In the previous notebook we manipulated and queried a large parquet file by splitting it up into many Pandas dataframes with the concurrent.futures API.  This was straightforward, but required us to be clever to implement various parallel algorithms.  Fortunately, for certain classes of algorithms various big data projects have already done this work for us.  Dealing with tabular data like the data in our NYC-Taxi dataset is well covered by many systems like SQL databases, Spark, and Dask.dataframes.

At the end of the last notebook we saw that we could use Pandas-like syntax to accomplish the same result with less programming.

In [None]:
from pyspark.sql import SparkSession
spark = SparkSession.builder.master('spark://schedulers:7077').getOrCreate()
spark

In [None]:
columns = ['tpep_pickup_datetime', 'passenger_count', 'pickup_longitude', 'pickup_latitude', 'dropoff_longitude', 'dropoff_latitude', 'payment_type', 'fare_amount', 'tip_amount', 'total_amount']

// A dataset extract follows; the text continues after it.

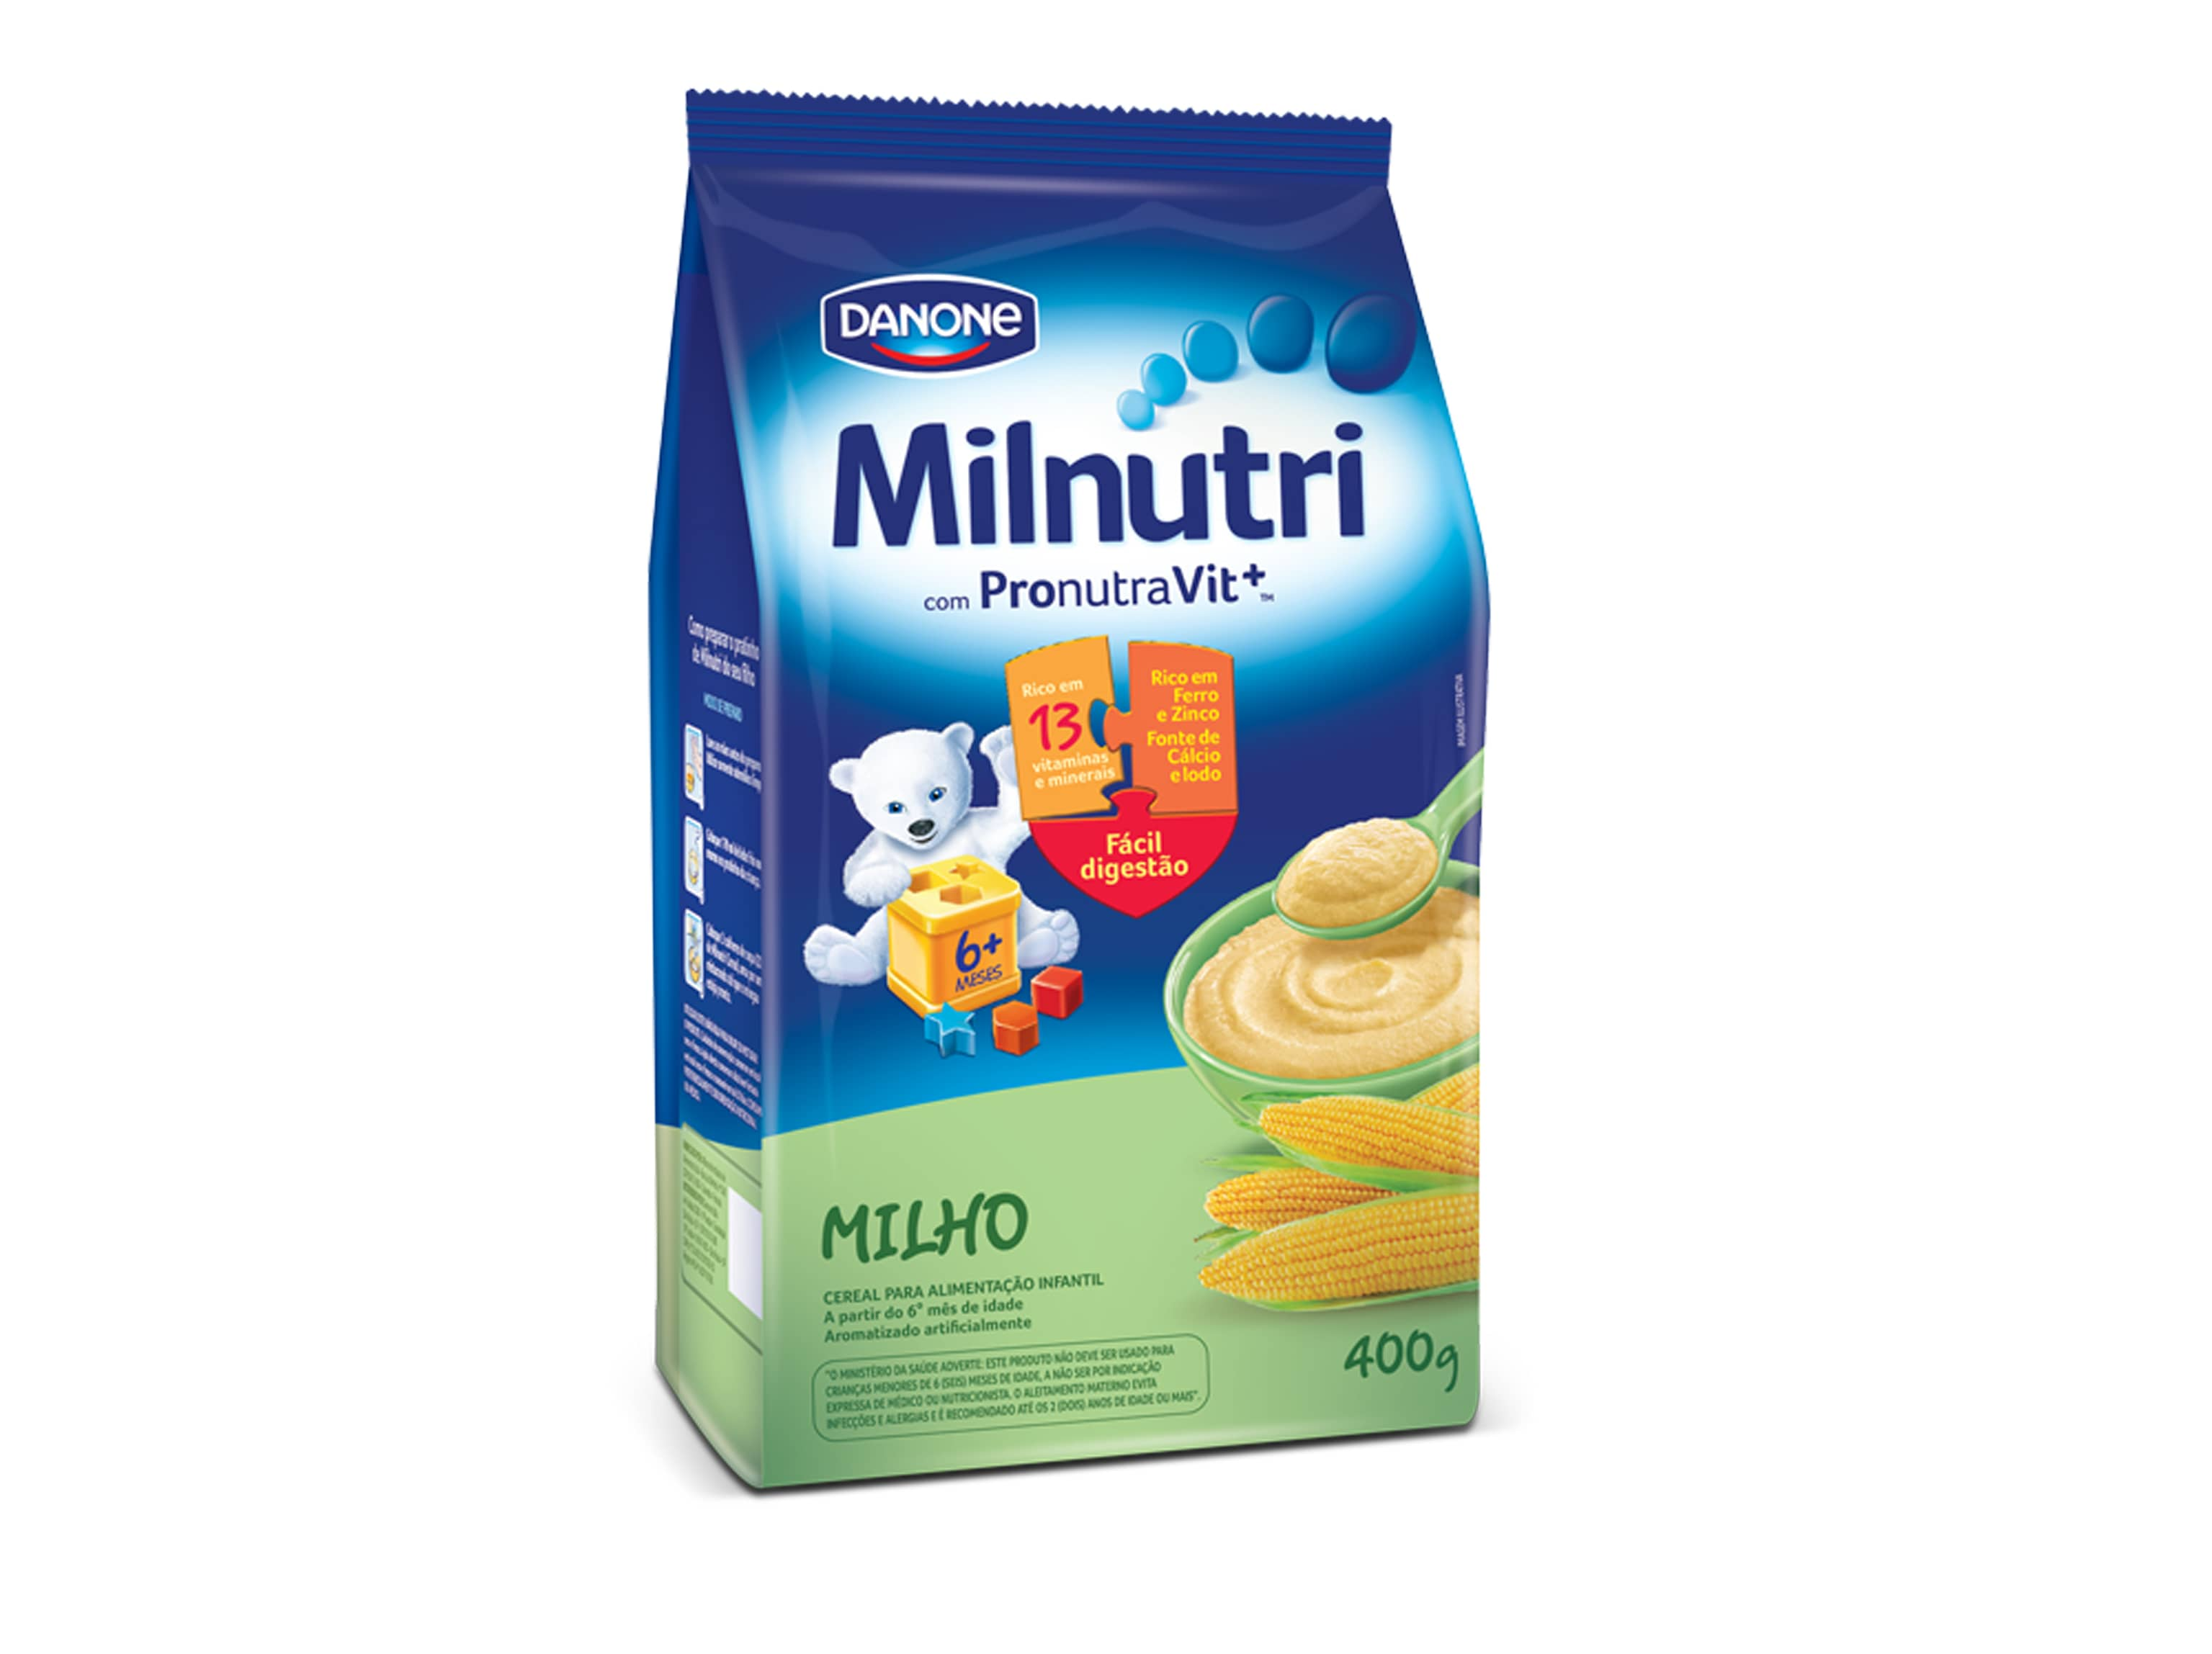 MOCKUP-MILNUTRI-MILHO-400G

df = (spark.read.parquet('s3a://dask-data/nyc-taxi/nyc-2015.parquet')
           .select(*columns))

In [None]:
df.agg({'passenger_count': 'sum'}).collect()

In [None]:
df.agg({'passenger_count': 'avg'}).collect()

In [None]:
df.groupby('passenger_count').agg({'*': 'count'}).collect()

## Going further

In this notebook we will explore this API and this dataset further.  We will determine how well people tip based on the number of passengers in a cab.  To do this we will accomplish the following:

1.  Remove rides with zero fare
2.  Add a new column `tip_fraction` that is equal to the ratio of the tip to the fare
3.  Group by the `passenger_count` column and take the mean of the `tip_fraction` column.

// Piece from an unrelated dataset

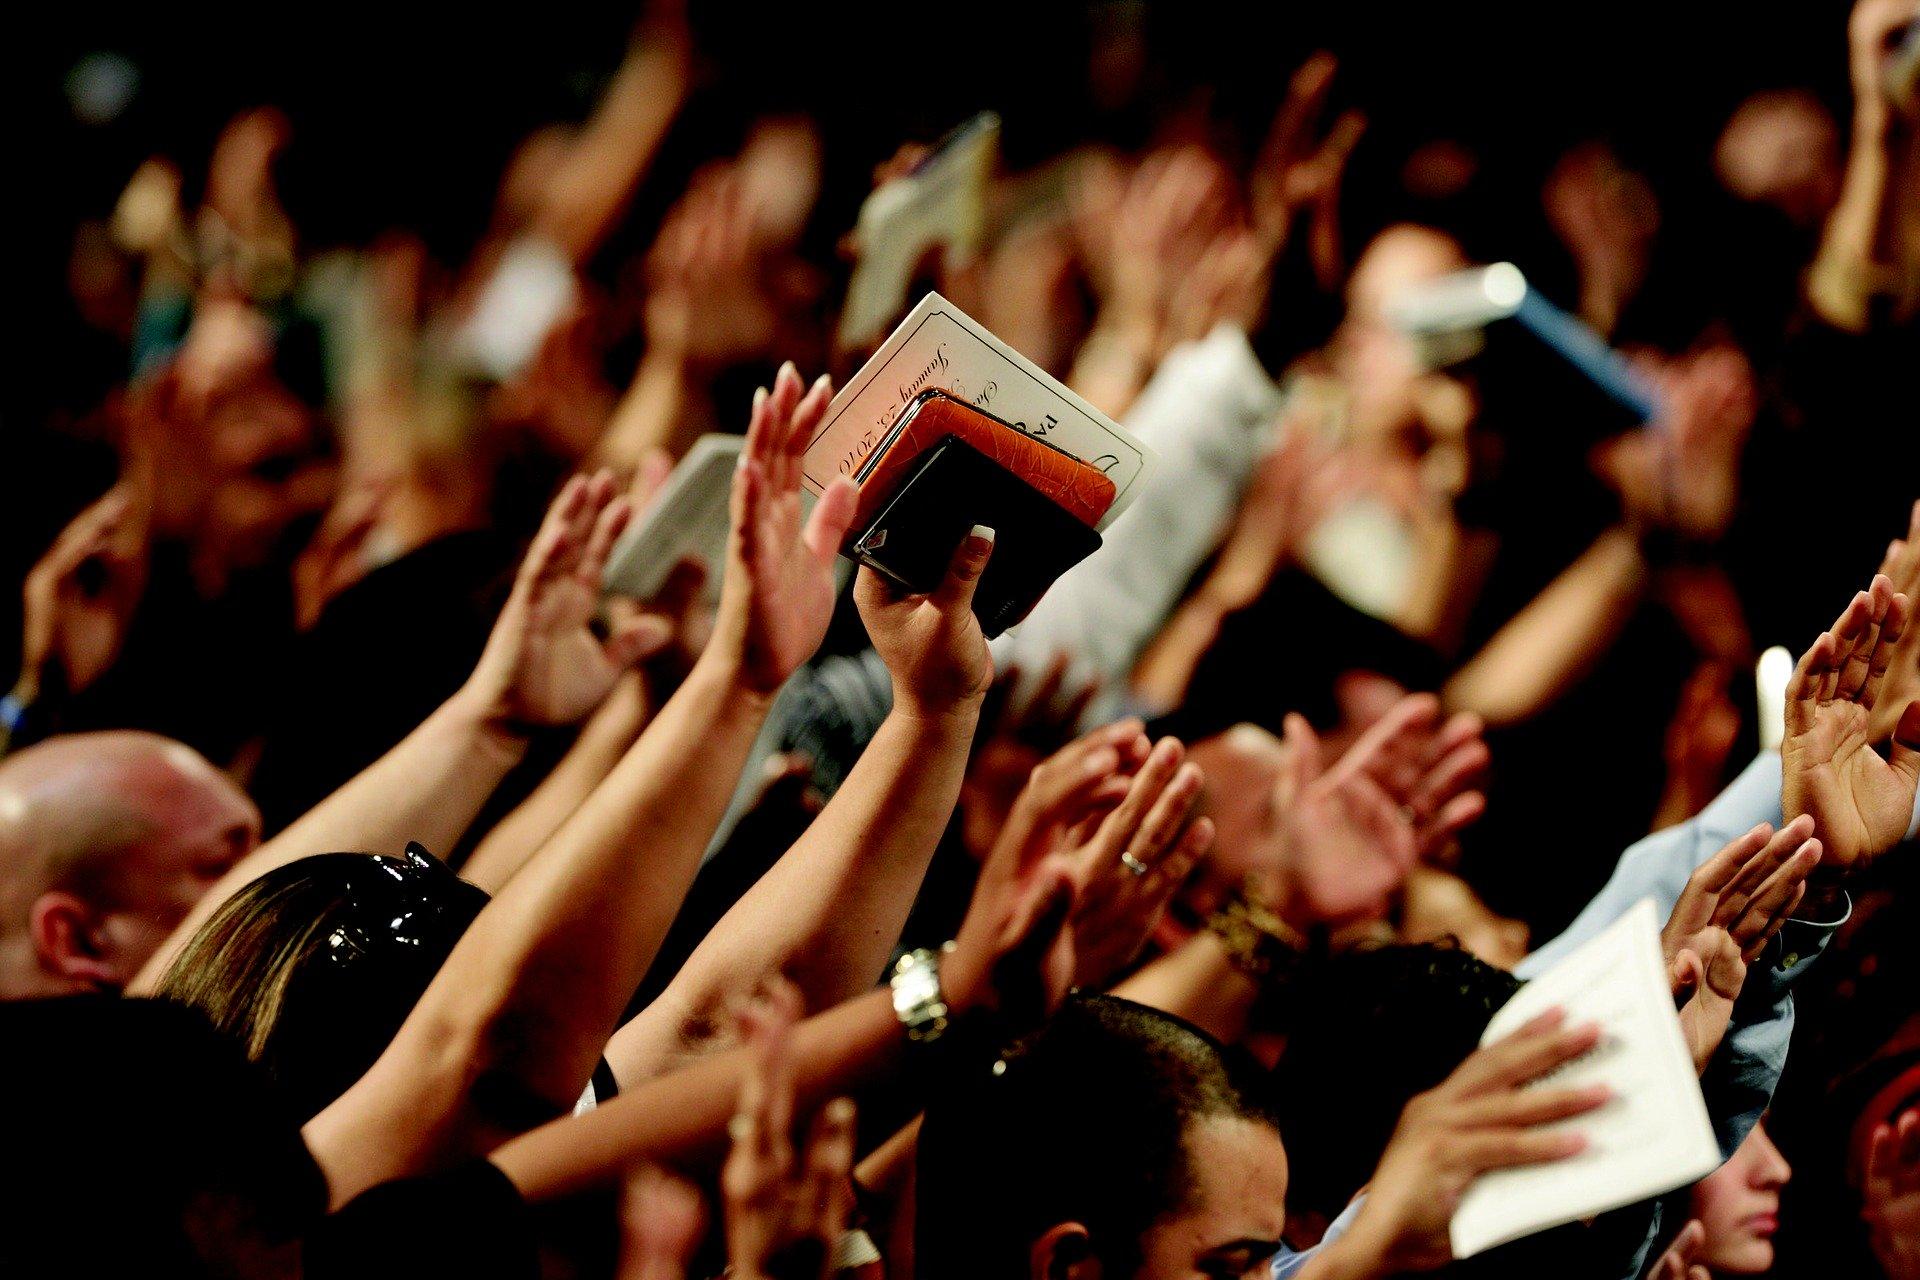 Evangélicos em culto/ Crédito: Pixabay

You may want to refer to these resources to help you with the Spark DataFrame API

-  https://spark.apache.org/docs/latest/api/python/pyspark.sql.html
-  https://s3.amazonaws.com/assets.datacamp.com/blog_assets/PySpark_SQL_Cheat_Sheet_Python.pdf

And refer to the [Spark UI](../../../9070) for feedback.

### How to remove rows

In Spark you can filter rows by a boolean expression like the following:

```python
df = df.filter(df.name == 'Alice')
```

### How to make new columns

In Pandas you can create a new column using Python's setitem syntax like the following:

```python
df = df.withColumn('z', df.x + df.y)
```

### How to do groupby-aggregations

In Pandas you can do a groupby-aggregation by using the `groupby` method, followed by a column name an aggregation method like the following:

```python
df.groupBy(df.name).agg({'column-name': 'avg'})
```

When you want to collect the result of your computation, finish with the `.collect()` method.

## Exercise

Use the operations above to find out how well New Yorkers tip based on the number of passengers in the cab.  Be sure to filter out rides with zero fare first to get a good result.

In [None]:
%load solutions/nyc-taxi-dataframes-spark.py

### Additional exercises

If you're already experienced with Pandas then we recommend also looking at the following questions:

1. How well do New Yorkers tip as a function of the hour of day and the day of the week?
2.  Investiate the `payment_type` column.  See how well each of the payment types correlate with the `tip_fraction`.  Did you find anything interesting?  Any guesses on what the different payment types might be?  If you're interested you may be able to find more information on the [NYC TLC's website](http://www.nyc.gov/html/tlc/html/about/trip_record_data.shtml)
3.  How quickly can you get the data for a particular day of the year?  How about for a particular hour of that day?